Throughout the whole dinner, I couldn't take my eyes off him. He was pale, expressionless, and looked rather lost. He had expressed to me how aimless and how physically sick he felt. I knew that the shock of his mum being in a terminal stage wasn't what was making him like this, but the fact that he desperately wanted to go but was staying because of me. I had cried because of it, telling him that I was the one torturing him and acting as an anchor, sinking him. However, he did not accept that, which was driving me insane. The truth was, no matter what he said, no matter how scientifically correct and rational his words were, I couldn't live with myself. No matter how many times he denied it, I was the one who was making him miserable.

"Harry?" I dared to speech. He hadn't spoken to me once that evening.

He looked up from his food.

"You haven't eaten anything," I observed, studying his plate which was practically full.

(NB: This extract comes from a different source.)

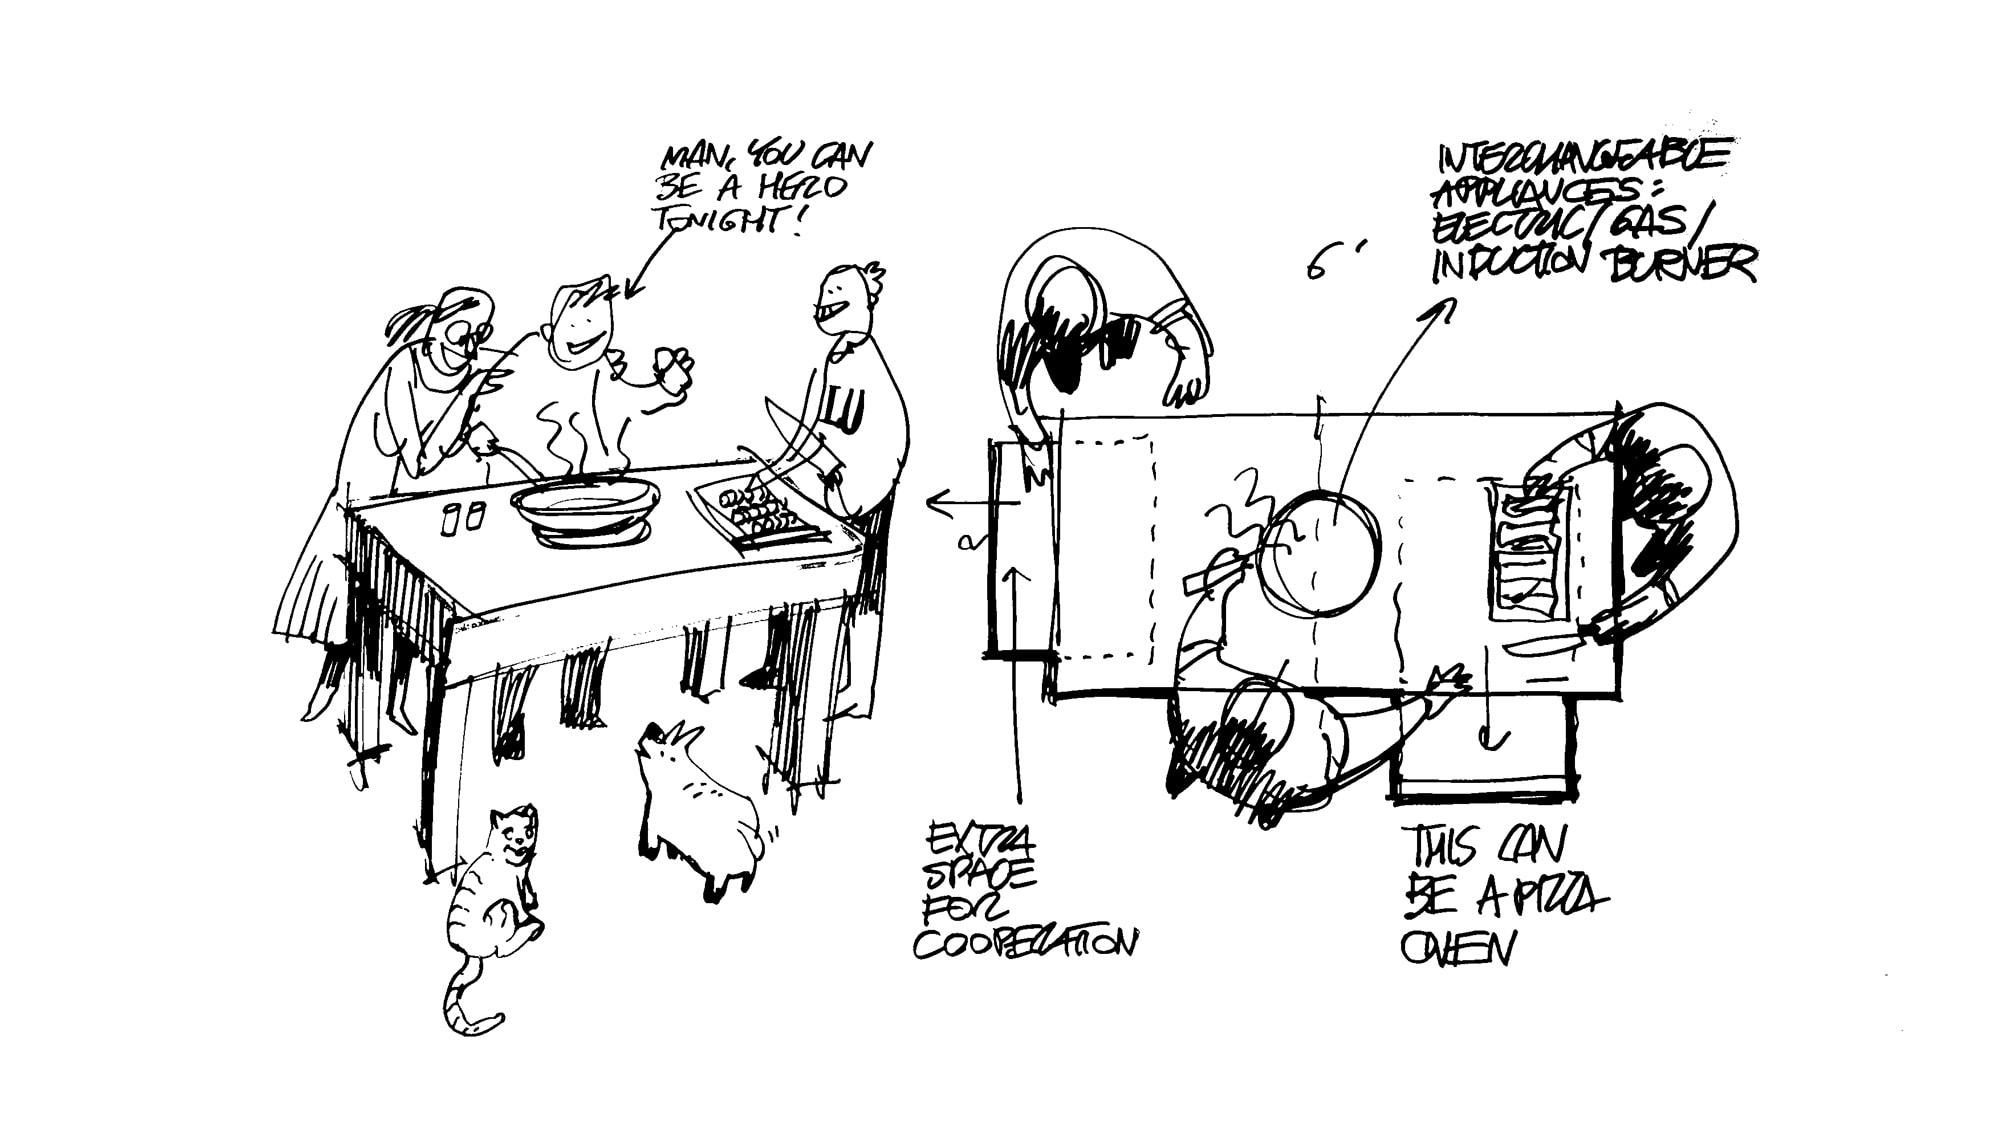 The Louisville Table – SZCZ

"I'm not that hungry," He said, playing his fork.

"I can see that."

There was no use in trying to persuade him to eating a little bit more. I knew exactly what he was feeling, and forcing him to swallow something down wasn't going to help in healing his sadness.

"Do you want to go outside for a walk, it's a lovely night," I said a little bit more enthusiastically than before. Harry's stiff features softened and he managed to give me a smile before getting up, leaving his food almost untouched.

I followed him out the canteen, eyes surely on our backs as we made our way out.

"Tomorrow is Sunday," He stated as we walked down the stairs.

"And? What about it?"

"It's letters day," he said, glancing at the gate of Hudson far into the dark distance. "I just hope that my mum sent me a letter, or else I don't know what to think."

"What do you mean?"

He stopped in his tracks, and with an expression of bewilderment, he said: "What do I mean?! I mean that if she doesn't even have the consideration of telling me with her own words what is happening, that if she doesn't have the courage to tell her own son that she is terminal, what kind of mother is she?"

He didn't raise his voice like I knew so well he could when exasperated, he simply held a certain accusation in his tone that I totally understood. He was afraid, like the rest of the students at that boarding school (including myself) of being forgotten, of becoming a person of no importance, connected solely to their parents by blood and not by affection. He had all the right to be nervous about letters day, I know I would be, too.

For a second I put myself in his shoes: I would be terrified at the idea that, if my mother was extremely ill, she wouldn't tell me directly what was going on. After all, Harry found out his mum was going to die through Mr Hansen, and himself through a letter from the hospital, which was something so formal, so banal, certainly far from making up to such an important declaration.

"A letter will arrive," I stated with confidence, in hopes that I could spark that feeling in him. "Don't worry."

He sighed, running his fingers through his hair "It's so hard... There are so many things on my mind, so many things to worry about... I thought that after making a decision, I would stop thinking about this, and I am trying, but it's so hard."